Pay attention to what you put into amatriciana. Because what you put in is what you’ll get out.
This is an easy recipe. Almost impossible to screw up. As long as you make the right the choices. Before you start cooking.
Canned tomatoes for the win
Sometimes fresh isn’t better. It’s pretty rare. I agree. But it does happen. This is one of those times.
Amatriciana screams for canned tomatoes. It’s just a thing. Accept it. I did. And I’m better off for it. You will be too.
This is a fast sauce. A quick dinner. No way you can make it in 15 minutes with fresh tomatoes.
Let’s be honest with ourselves. Off-season tomatoes suck. Food cooked using off-season tomatoes also sucks. Garbage in. Garbage out.
I like tomatoes from San Marzano here. If you can’t get those there are other great canned tomatoes out there.
Don’t skimp here. Pick a good quality brand. Did I mention there’s nowhere to hide?
The power of vitamin P
Want to really want to understand what this dish is about? Make it with guanciale. There’s a reason why the real deal recipes call for it.

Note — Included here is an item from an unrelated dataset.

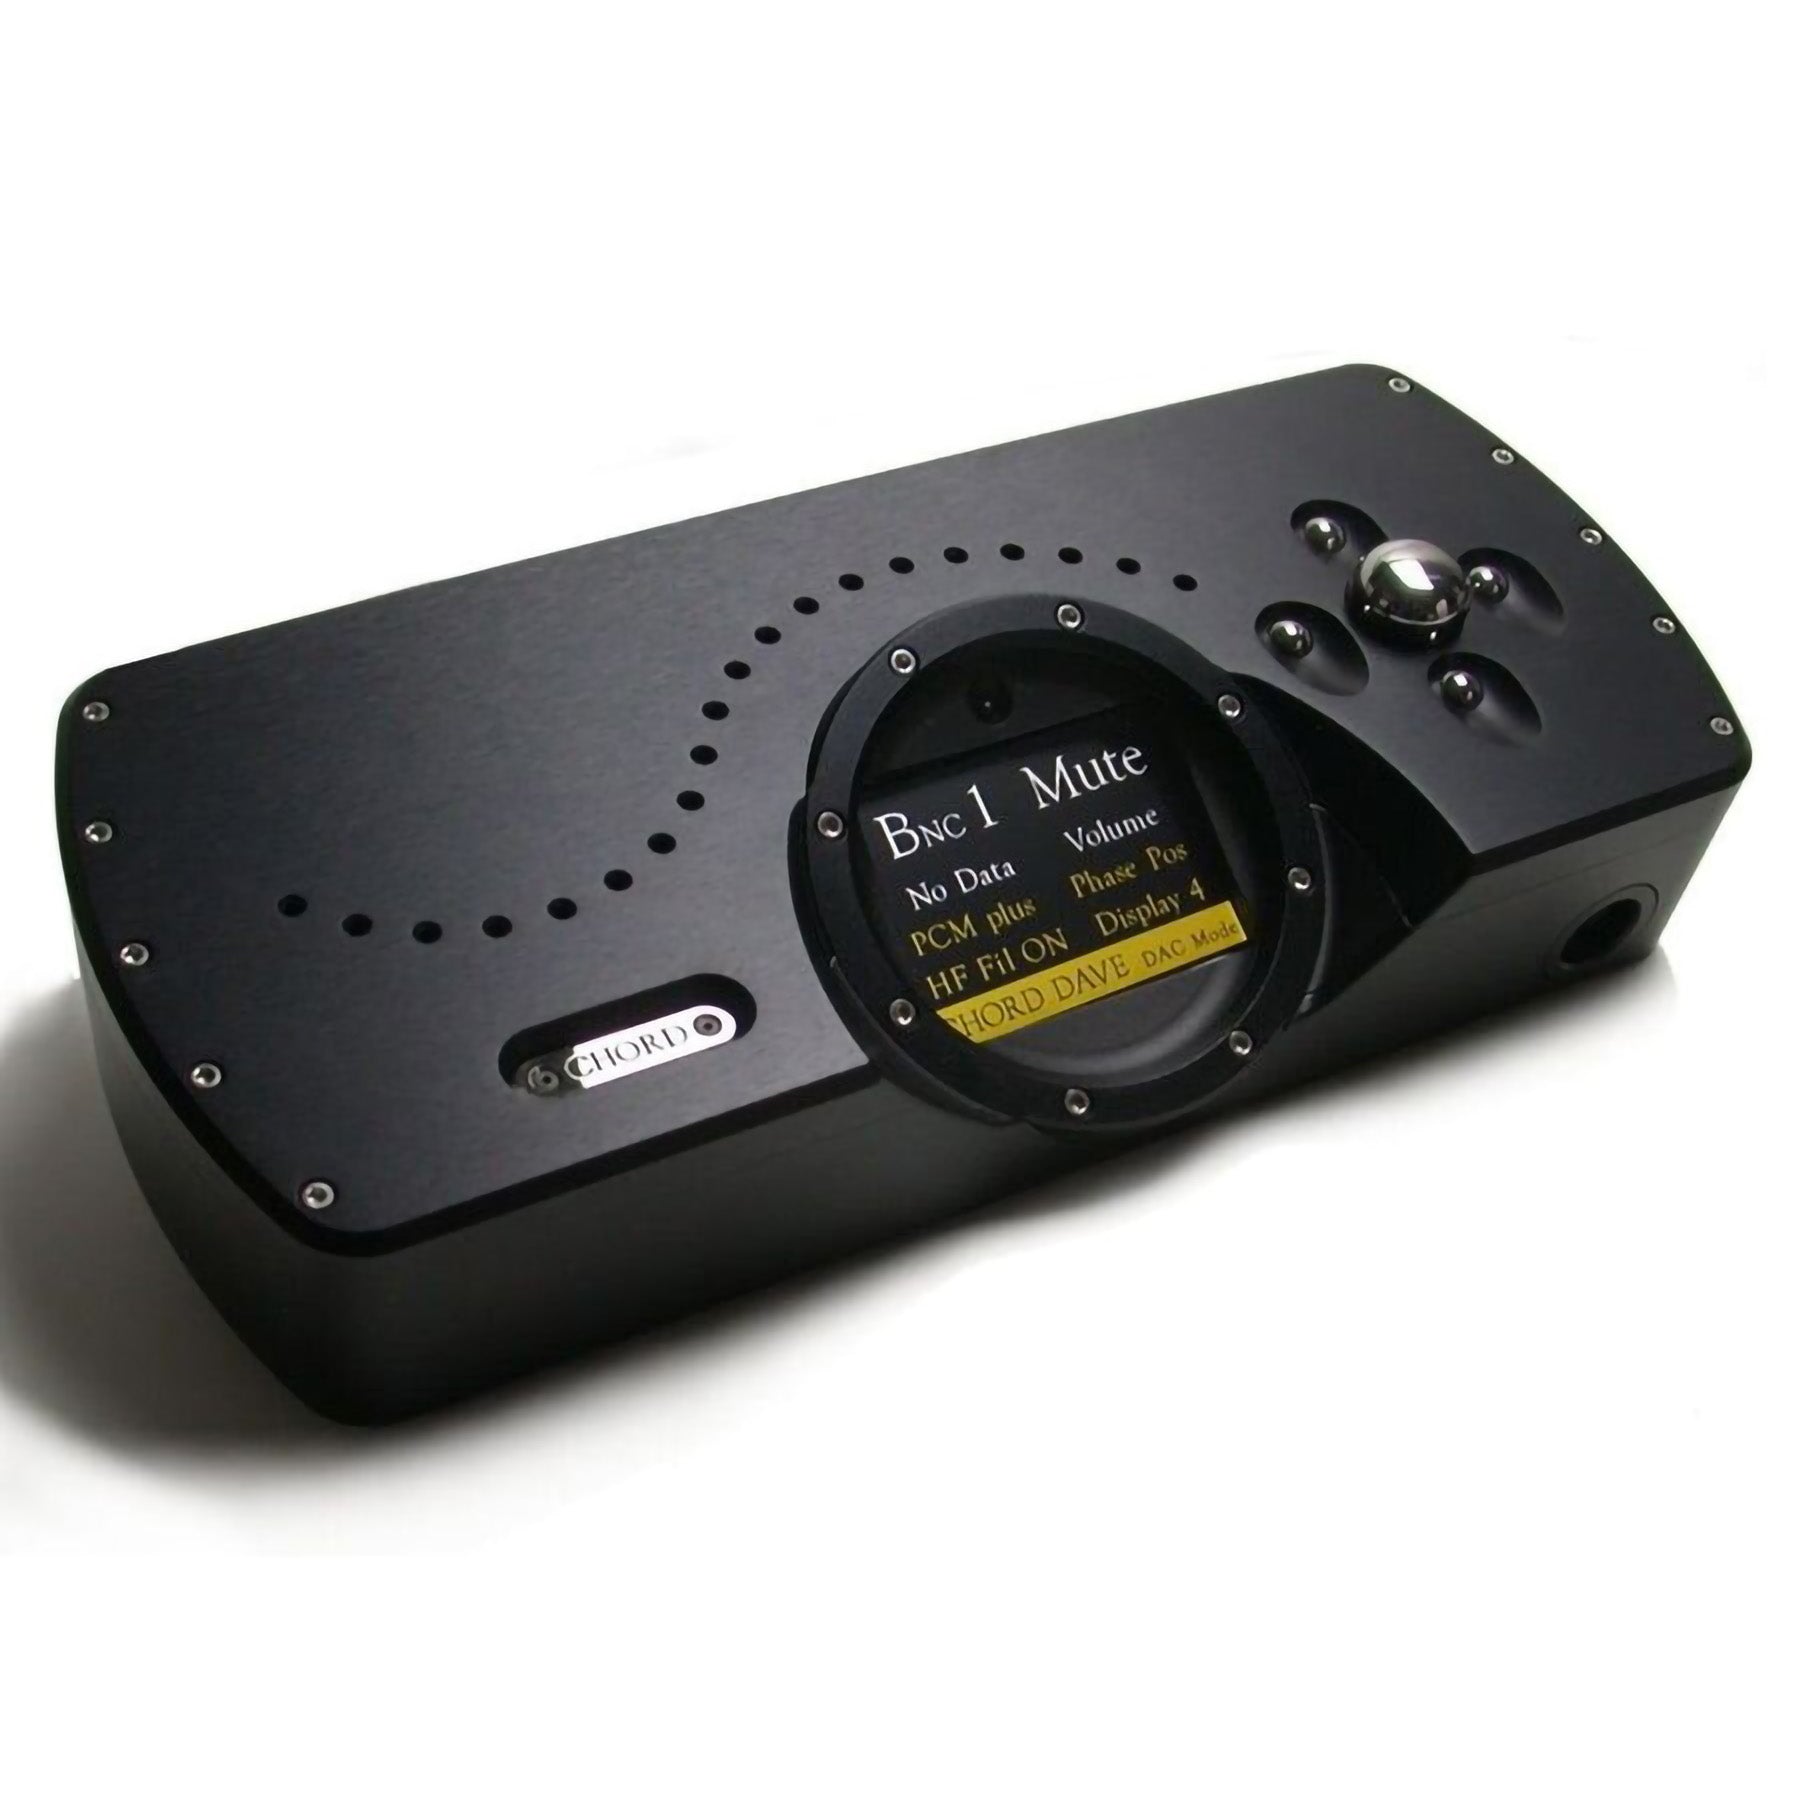 Chord Dave Reference Digital to Analogue Converter, Headphone Amplifier and Preamplifier

Guanciale is cured pork jowl. It’s fatty. Really fatty. Which is part of the magic. Fry it up and it throws a bunch of rendered pork fat. Lush, delicious pork fat flavour.

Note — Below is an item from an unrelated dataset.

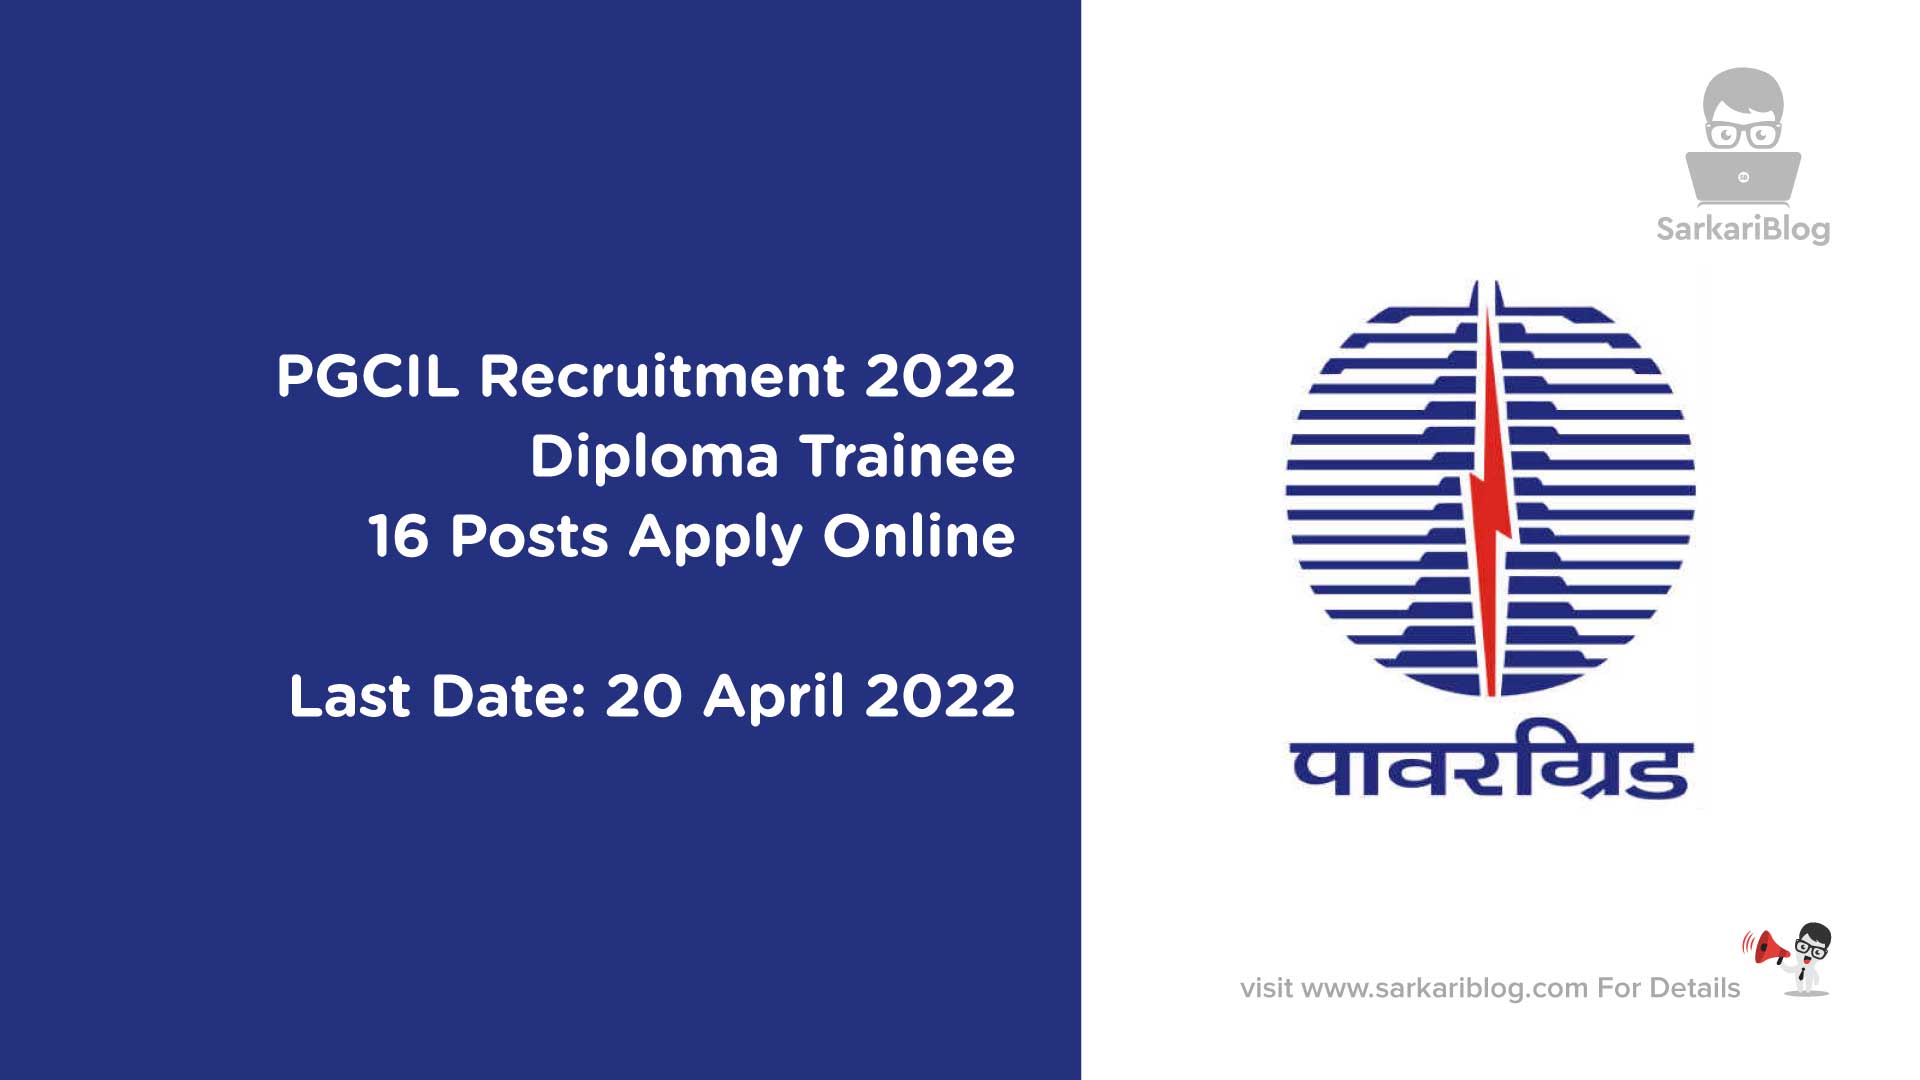 PGCIL Recruitment 2022 Diploma Trainee 16 Posts Apply Online

And what’s left is wonderful little bits of crispy piggy candy. Crispy and meltingly tender at the same time.
Pancetta is a mediocre substitute for guanciale. It’s not the same. And it’s not as good in this recipe.
Fried guanciale chunks are porky flavour bombs. If you fry pancetta chunks they gets a little chewy. Just not that good.
I have to drive across town to get guanciale. I can walk to buy pancetta. So I drive. Every single time.
If you do need to use pancetta get your deli guy to cut it thin. And chop it up so the pieces disappear into the sauce. That way you get flavour without the chewy thing.
You’ll have to add some extra fat though. A little olive oil or better yet rendered pork lard should fix you up.
It’s time you got to know pecorino romano
Everybody knows parmigiano reggiano. You’d think they only made one cheese in Italy.
Don’t get me wrong. Parmigiano reggiano is a great cheese. I always have a piece in my fridge.
But variety is the spice of life. And pecorino romano is that spice. The rowdy cousin.
Parmigiano is a cow’s milk smooth. Creamy. Lush. Delicate. Balanced. The perfect complement to many Italian dishes.
Pecorino romano is none of those things. It’s brash. Salty. In your face assertive. And that makes it perfect for amatriciana.
Perfect for the other three Roman pastas as well. If you’re into carbonara you absolutely need pecorino romano in your fridge.
Pasta choices matter
All pastas are not created equal. It never ceases to amaze me. People will spend all day making the most beautiful ragu bolognese. And serve it up on crappy pasta.
A whole day in the kitchen to make a $100 pot of sauce. Thrown away because $5 is too much to spend on spaghetti. It hurts my brain.
FWIW not choosing tagliatelle for bolognese also hurts my brain. A lot.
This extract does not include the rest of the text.